The usv-playpen GUI assumes usage of DAS for identifying vocalizations in audio recordings. To do this, one first needs to train a model on the data of interest (i.e., social interactions with vocal output). Explaining how to do this is beyond the scope of this text, so we will assume you already have a model ready for running inference.

Since the average office PC does not necessarily have GPU-capabilities, it is advised to run DAS inference on a high-performance computing cluster, as these usually have GPU-capabilities and allow for the parallelization of the inference process. The usv-playpen GUI allows you to run the process locally (which can be time consuming), and it provides you with a shell script you can modify for cluster usage (/usv-playpen/other/cluster/DAS/das_inference_global.sh).

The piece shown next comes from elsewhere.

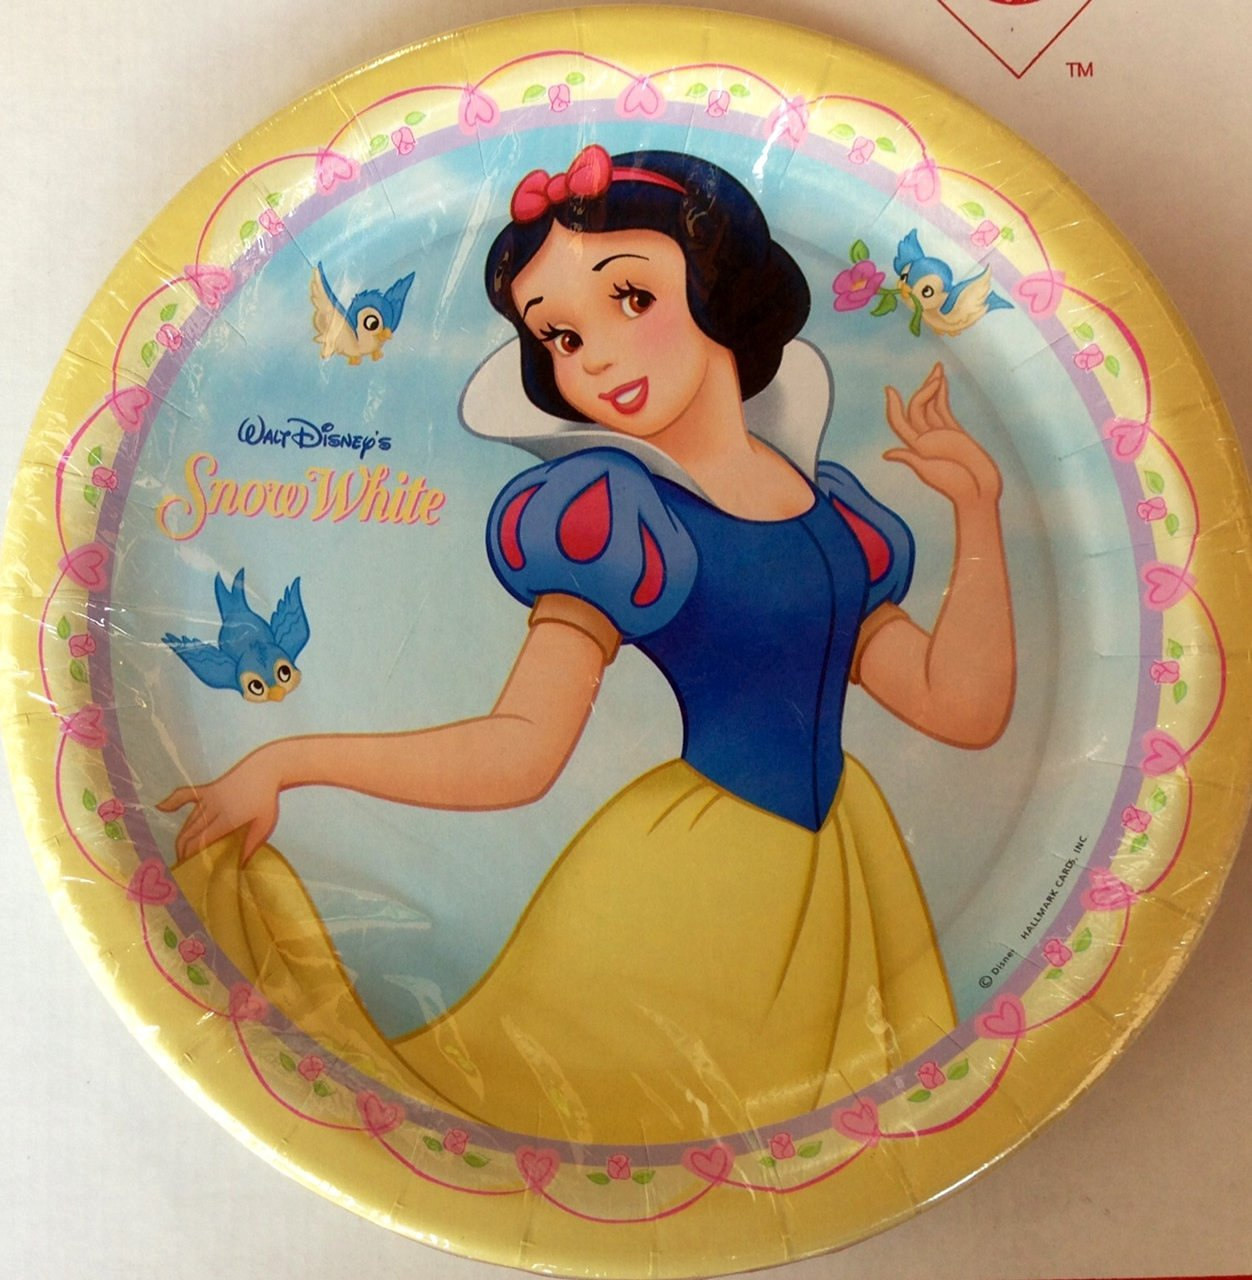 Disney Princess Beautiful Snow White Party Plates - 8ct Dinner Plates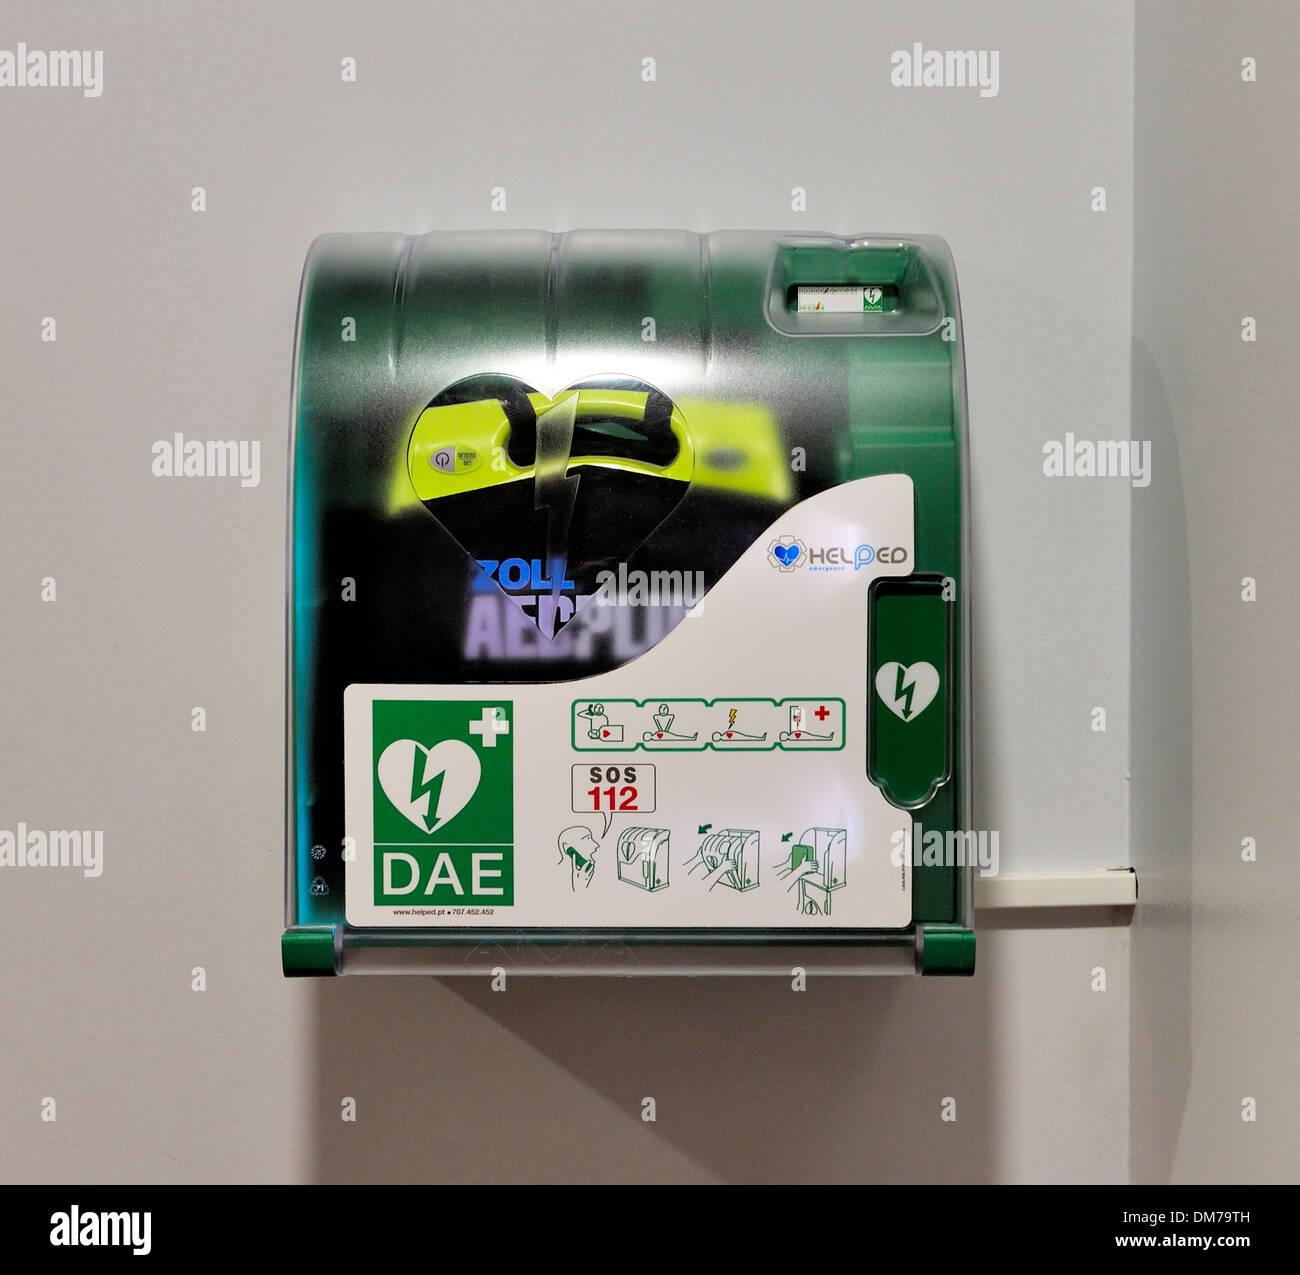 A ZOLL Medical defibrillator - Stock Image

To run DAS inference, you need to list the root directories of interest, select the directory and base name of your DAS model, select Run DAS inference, click Next and finally Process:

This will create a das_annotations subdirectory which will contain a CSV file for each recorded channel, denoting the start and end of each detected vocalization.

├── 20250430_145017
│   ├── 20250430_145017_metadata.yaml
│   ├── audio
│   │   ├── cropped_to_video
│   │   │   ...
│   │   ├── das_annotations
│   │   │   ├── m_250430145009_ch01_cropped_to_video_hpss_filtered_annotations.csv
│   │   │   ...
│   │   ├── hpss
│   │   │   ...
│   │   ├── hpss_filtered
│   │   │   ...
│   │   ├── original_mc
│   │   │   ...
│   │   ├── audio_triggerbox_sync_info.json
│   ├── ephys
│   │   ...
│   ├── sync
│   │   ...
│   └── video
│       ...

The /usv-playpen/_parameter_settings/process_settings.json file contains a section fully modifiable in the GUI, with the following parameters:

das_conda_env_name : name of the local conda environment used for running DAS inference
model_directory : directory containing the trained DAS model
model_name_base : base name (date) of the trained DAS model
output_file_type : output file type (“csv” or “h5”)
segment_confidence_threshold : confidence threshold for segmenting vocalizations
segment_minlen : minimum length of segments to be considered vocalizations
segment_fillgap : maximum gap between segments to be joined into a single vocalization

"das_command_line_inference": {
    "das_conda_env_name": "das",
    "model_directory": "/mnt/falkner/Bartul/DAS/model_2024-03-25",
    "model_name_base": "20240325_073951",
    "output_file_type": "csv",
    "segment_confidence_threshold": 0.5,
    "segment_minlen": 0.015,
    "segment_fillgap": 0.015
  },

Curate DAS outputs

As explained above, DAS is run on every channel separately, such that a need arises to systematize different channel detections in one singular table. This code identifies the same detections across different channels and creates a single CSV file with the start and end times of each detected vocalization.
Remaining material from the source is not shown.